5. My husband is such a wonderful person. Everyone who meets him adores him, and I think you would too. I am not sure how I got so lucky in that department, and it's amazing how he puts up with me sometimes. I am so grateful to have him as my life partner.

6. I love to cook (and eat for that matter!). I often spend Saturdays trying out new recipes. My preference is seafood, vegetarian and ethnic cuisines. I'm not a big sweets eater, but could easily devour a block of cheese.

7. The idea of starting a blog never occurred to me.
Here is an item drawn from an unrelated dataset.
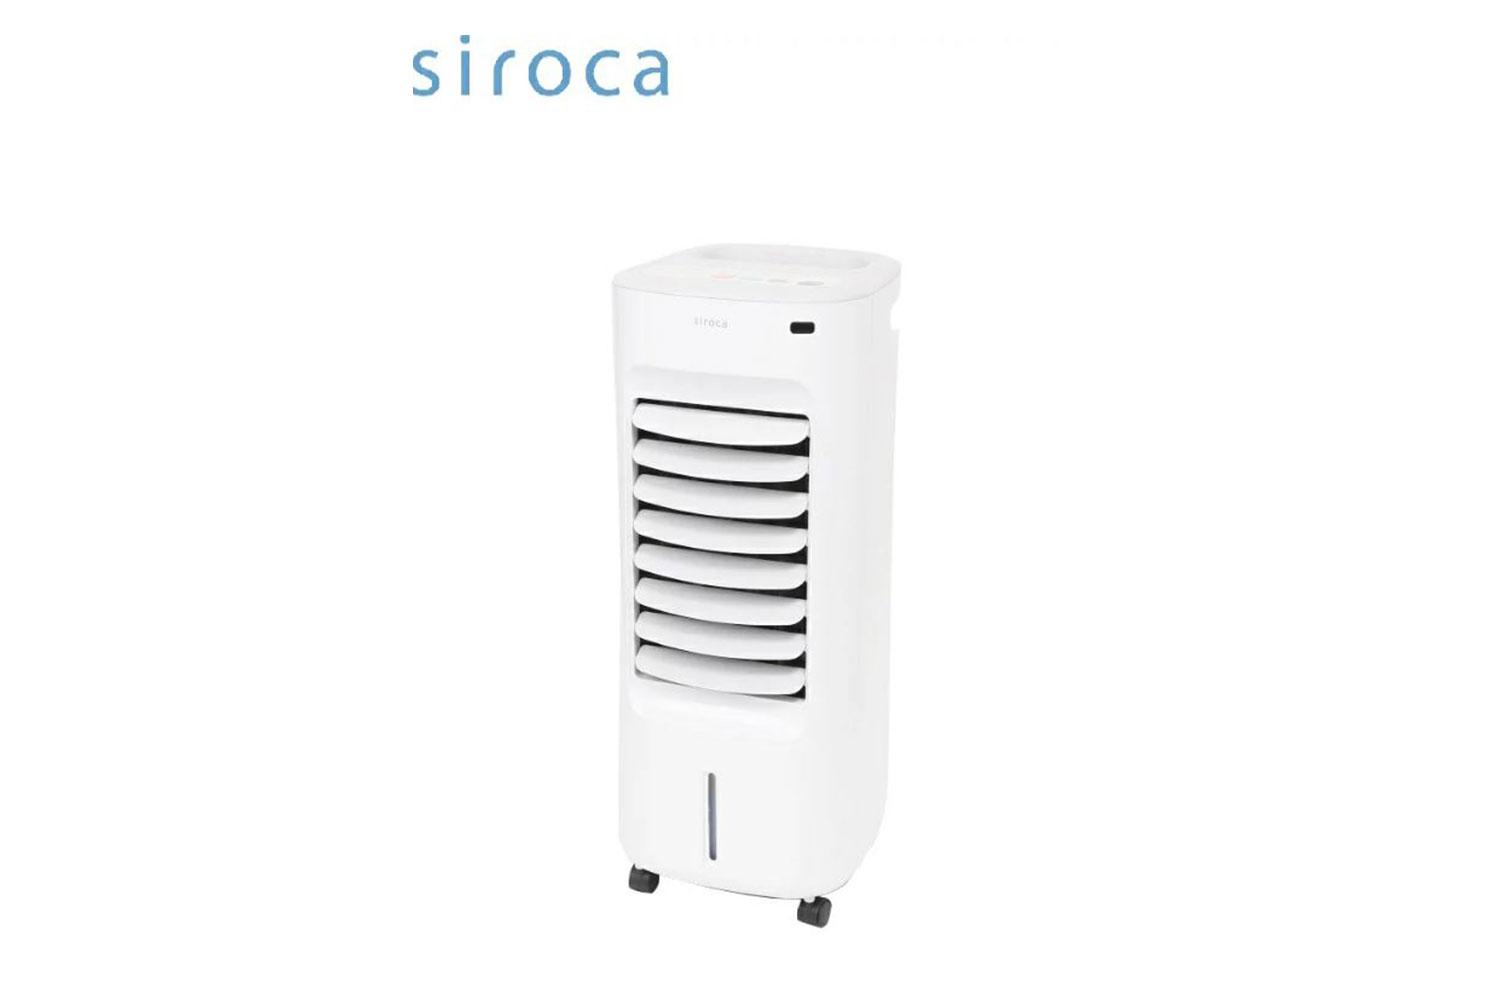 新品同様 siroca SH-C251 WHITE i9tmg.com.br
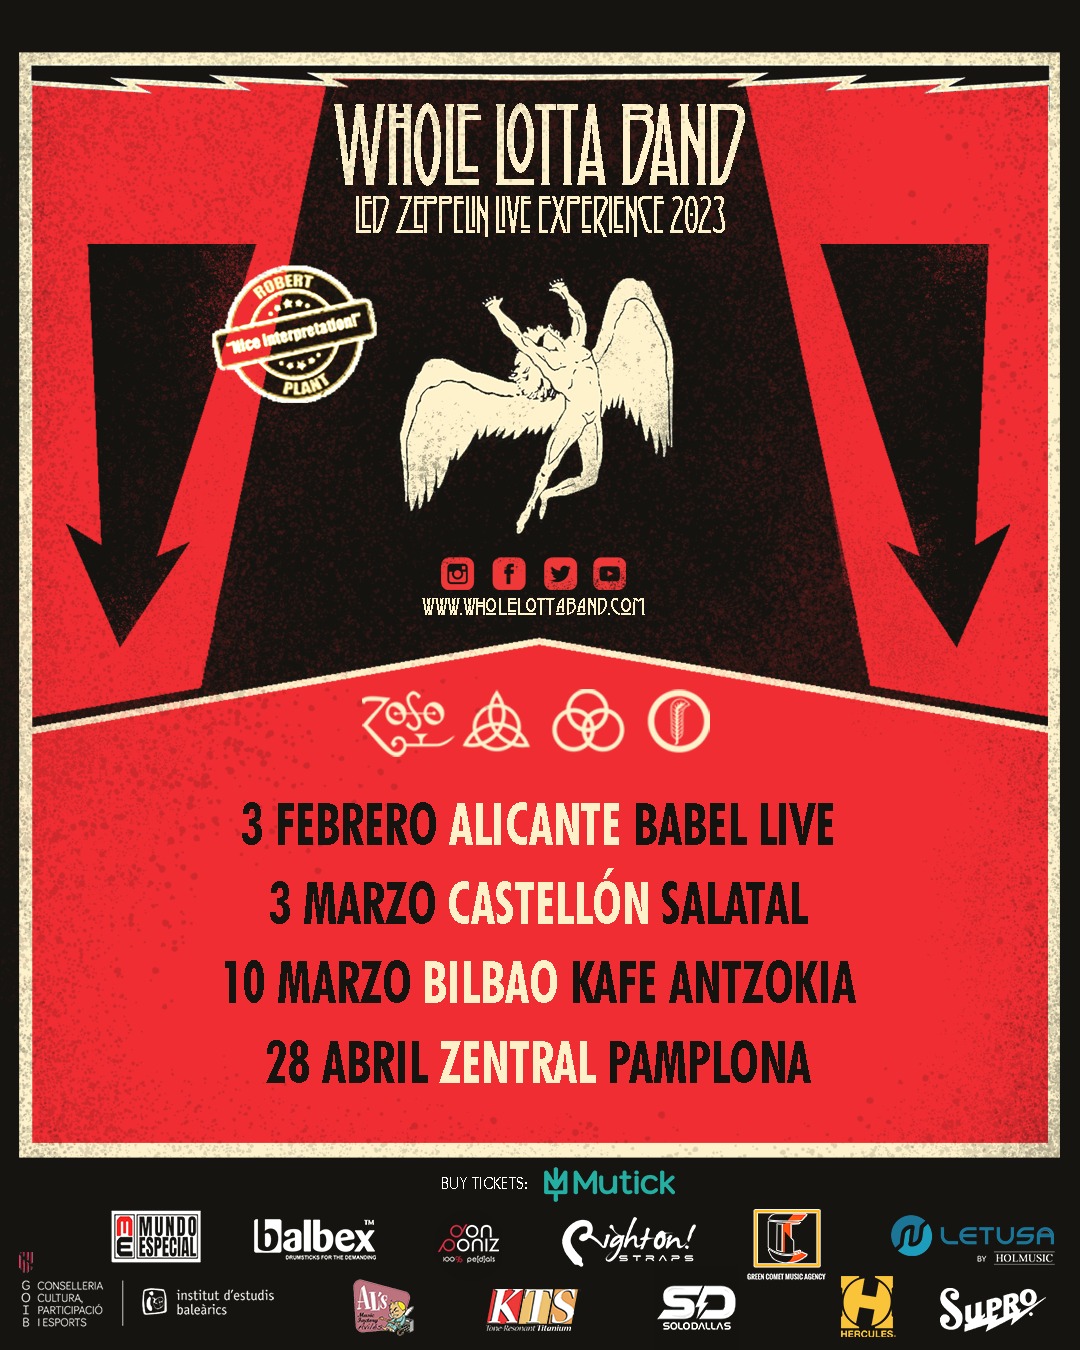 Whole Lotta Band - Led Zeppelin Live Experience en Bilbao - Mutick

I accidentally stumbled across a lostbabymama's blog while researching information. As much as I wish no of us were part of this club, I am so incredibly thankful to have discovered people who are dealing with infertility and/or baby loss who can relate. Thank you so much for sharing your stories and offering me your support!

Now, please play along (if you'd like)! I am interested in knowing more about each of you. So I am going to cheat..if you are reading this to consider yourself tagged!

Friday, January 8, 2010

The 2nd trimester begins!

I've graduated from my RE. Yay! I am happy about this step, partly because the RE that I recently inherited was a moron. I am so glad to be returning to my obgyn who we like and who knows us.

As soon as my ob received my paperwork and learned that I was pregnant, he called to congratulate us and let us know he is optimistic. We've completed our first trimester screening with the perinatologist, who has the rolls-royce of ultrasound machines. We got to see our wee one wiggling around on a large flat screen tv screen- very cool. The nuchal fold looks fine, thankfully. Due to my history and age, they also had us meet with their genetic counselor.

The first trimester screening results point to us having to do an amnio. I was very much hoping this would not be the case, but we are mulling over the recommendation- which is also what my obgyn suggests. This is mainly because of my history of a 2nd trimester loss and largely because I am now 35 and have therefore reached "advanced maternal age". Ugh! Seriously, it's like crossing that cut-off age changes everything.

Of course no one likes the idea of a long needle being inserted into their pregnant belly. I am not that concerned about the discomfort or possible pain. What I worry about is the small risk associated with the procedure. The risk, however, is indeed small... 1/400, or .25%. I actually have a significantly higher risk of their being something wrong with the baby... 1/120.

In order to gain more information, I will likely move forward with the testing. I hope and pray that everything goes smoothly with this pregnancy. If for some reason there is information we should know, we would prefer to find out. I may feel this way due to the nature of the loss our son.. I went in for a normal visit and found out at 21 weeks he had died. It was like being hit by a truck. In addition, the cause was never determined. As a result, I can't help but worry somewhat that whatever it was could happen again.

I am happy have reached the second trimester. I'm also hoping that soon I will be able to breathe a little easier.